篠田節子「インドクリスタル」の登場人物
篠田節子著「インドクリスタル」は、2014年12月に角川書店から発売された長編小説。
全541ページ。
初出は「小説 野性時代」2012年1月号~2014年4月号。
分厚い本だし、読み終えるまでに時間がかかりそう、と気合を入れて読み始めました。
しかし、読み出したらあっという間に読み終えてしまいました。とっても面白かったのでご紹介。
では、主な登場人物の紹介から。
藤岡 「山峡ドルジェ」の社長。主人公。
徳永 「狭間通信科学」の社員。
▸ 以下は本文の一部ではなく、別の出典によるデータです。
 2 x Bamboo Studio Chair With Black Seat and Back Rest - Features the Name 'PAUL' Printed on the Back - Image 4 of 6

藤岡の元同僚。
藤岡勝弘 「山峡ドルジェ」の会長。
寺島 「山峡ドルジェ」の製造部長。
藤岡頼子 藤岡の妻。
藤岡若葉 藤岡の娘。大学3年生。
司 飲み屋・カレー屋のマスター。
ロサ インドの少女。
サミル・ナヤル 水晶屋の店主。
アシシュ・チョードリー 採掘会社の社長。
カメシュワール 地主の老人。
ジョン・ドナヒュー NGO「サンガ・リサーチ」のスタッフ。
クリシュナ・アイヤー NGO「サンガ・リサーチ」のスタッフ。
マンガル コドゥリ村の村長。
バゲル 芸術家・州議会議員。
ロケス コドゥリ村の住民。
篠田節子「インドクリスタル」のあらすじ
山梨県にある「山峡ドルジェ」は、精密機器の原料となる高品質の人口水晶を製造する企業で、その製造にはマザークリスタルとなる水晶が必要。
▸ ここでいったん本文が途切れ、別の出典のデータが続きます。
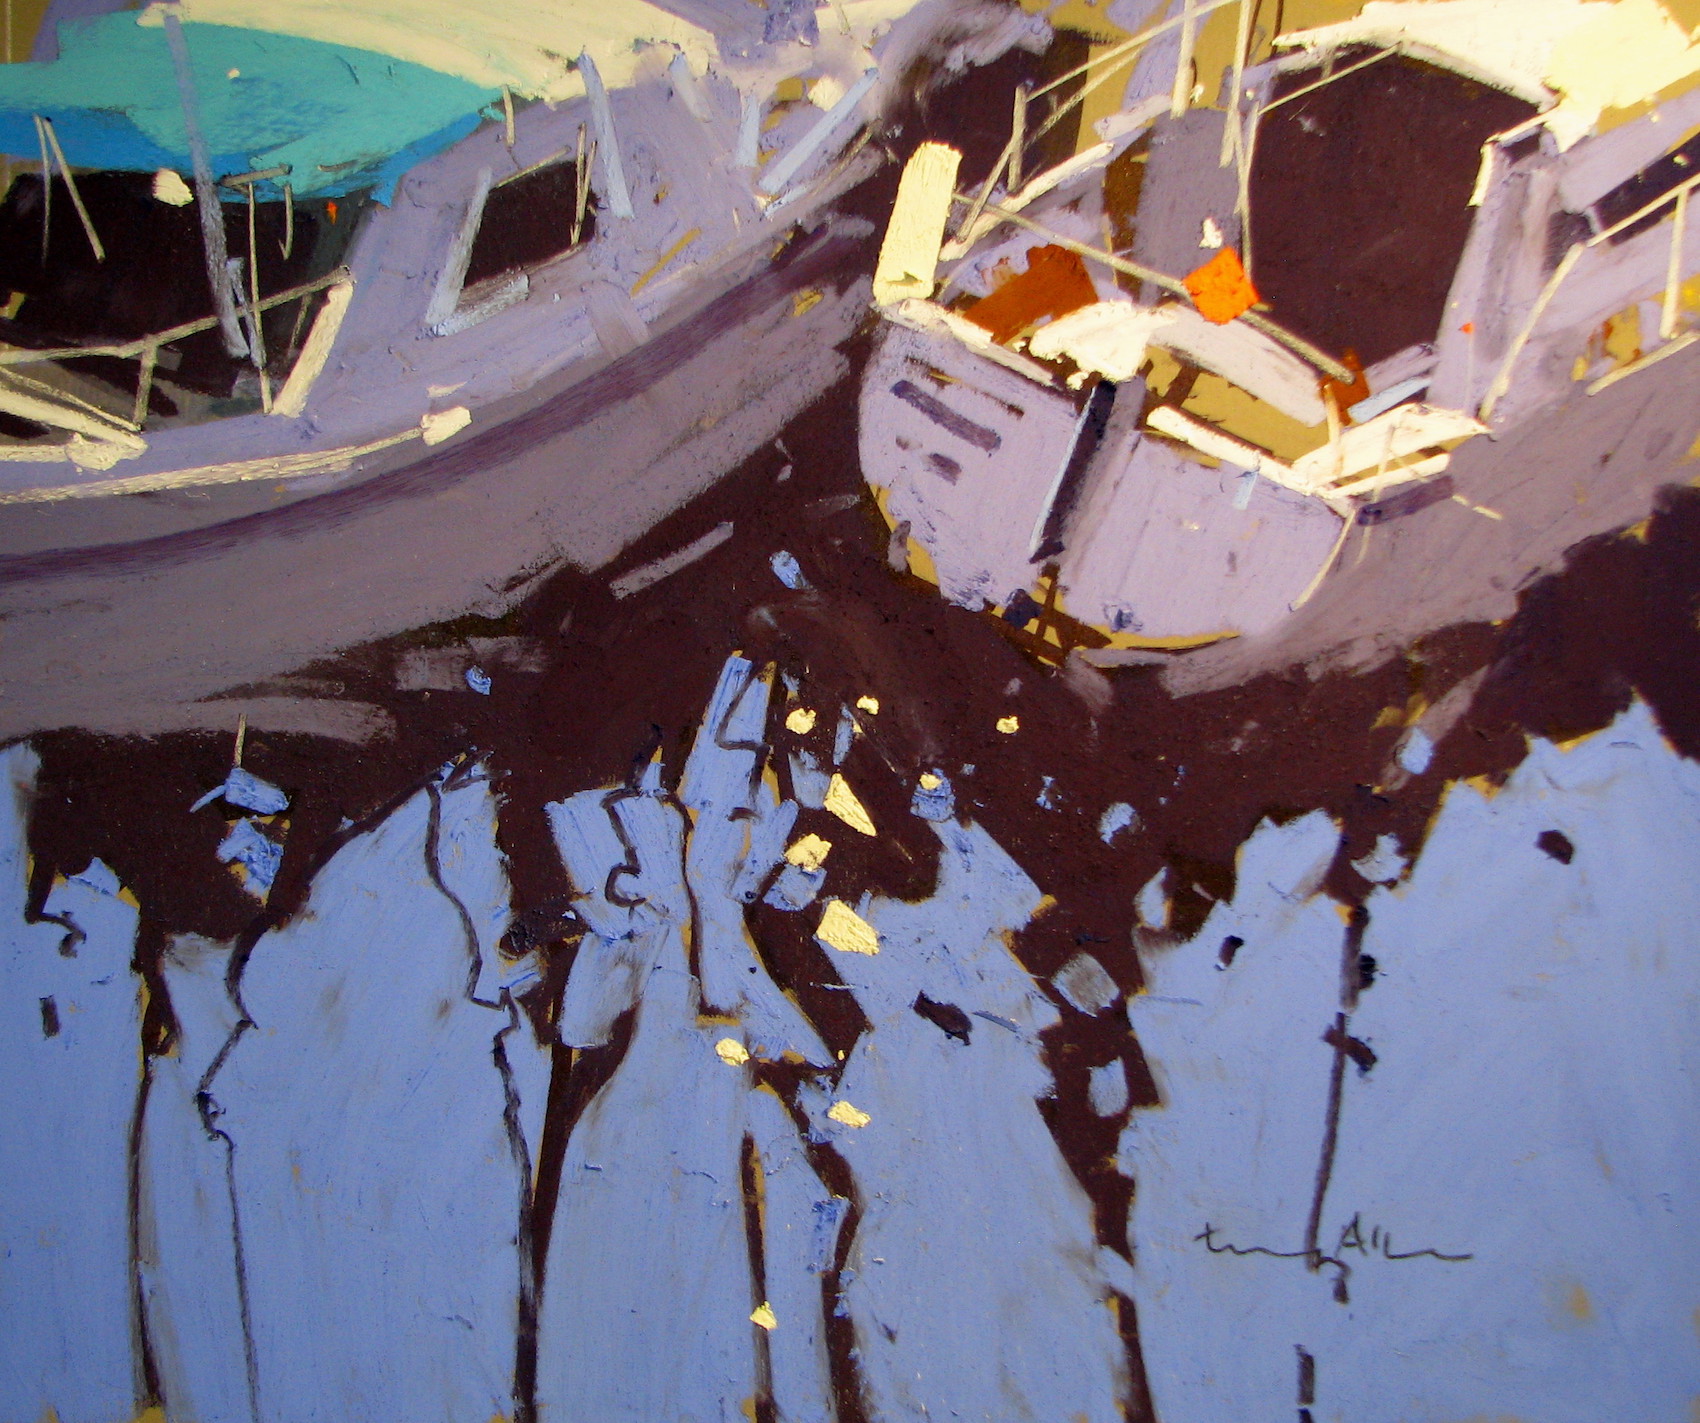 Tony Allain, "Marina Reflections," 2014, pastel on Pastel Premier paper, 10 x 14 in

インドのクントゥーニというところでとれる水晶が条件にあうことがわかり、獲得に乗り出す。
取引先の会社に勤務する徳永(藤岡の元同僚)がインドに駐在しているため、彼の助けを借りながら取引をはじめようとするのだがー。
篠田節子「インドクリスタル」の感想
全編、主人公の藤岡の視点から描かれています。
零細ながらも人口水晶の製造では先を行く会社、「山峡ドルジェ」婿養子に入った藤岡。
社長とはいえ、実権は会長である義父が握っているという微妙な立場にあります。
一方で底知れぬ野心も持ち合わせていて、というのが面白かったです。
この物語のもう一人の主人公、といってもいいくらいの存在感を放つのが、ロサという少女です。ホテルの使用人であり、性接待の相手もさせられているという立場。藤岡は、救い出そうと手を差しのべます。
彼女の持つ、信じがたく並外れた能力には、ただただ驚くばかりです。記憶力もいいし、研ぎ澄まされた勘を持ち合わせているのです。
藤岡と出会ったことで、酷な生活を強いられていたロサの人生が変わり始めます。
少女だったロサが成長していく過程も描かれています。
(時が少しずつ流れていくお話なので、大学生だった藤岡の娘も就職しますし、徳永の拠点も変わります。)
インドという国が抱える貧困等の問題や課題が盛り込まれていて、苦しくなる場面も多々ありました。暴力が、ひどすぎて。
日本とはあまりにも文化や意識が違うので、実際に取引をする企業は、さぞ大変な思いをしているのでしょう。
現地で危険な生活を強いられている人々が多くいる、という事実も突き付けられました。
誘拐事件が起こり、はらはら。
主人公が命の危機にさらされるような場面に遭遇しては、ドキドキ。しかし、頁をめくらずにはいられません。
契約・交渉の場面では、ビジネスマンの損得勘定が見え隠れ。腹の探り合いがはじまります。
作中のSR(サンガ・リサーチ)という組織は、先住民の福祉と環境保護に尽力する団体。こうした団体の活動も描かれていて、取材が大変だっただろうなと感じました。
文化の違う民族と関わる仕事をする主人公、そして不思議な少女ロサの成長にも注目です。
まとめ
外国人(主にインド人)が多く登場するので、名前がなかなか頭に入ってこなかったのですが、ちゃんと物語のはじめに人物紹介が記されています。(親切!)
遅ればせながら、篠田さんの作品にドはまり中。
先日、某局の男性アナウンサーさんも、彼女の本は面白いんですよ!とラジオ番組内でおっしゃっているのを耳にし、嬉しくなりました。
さて、次はどの作品を読もうか。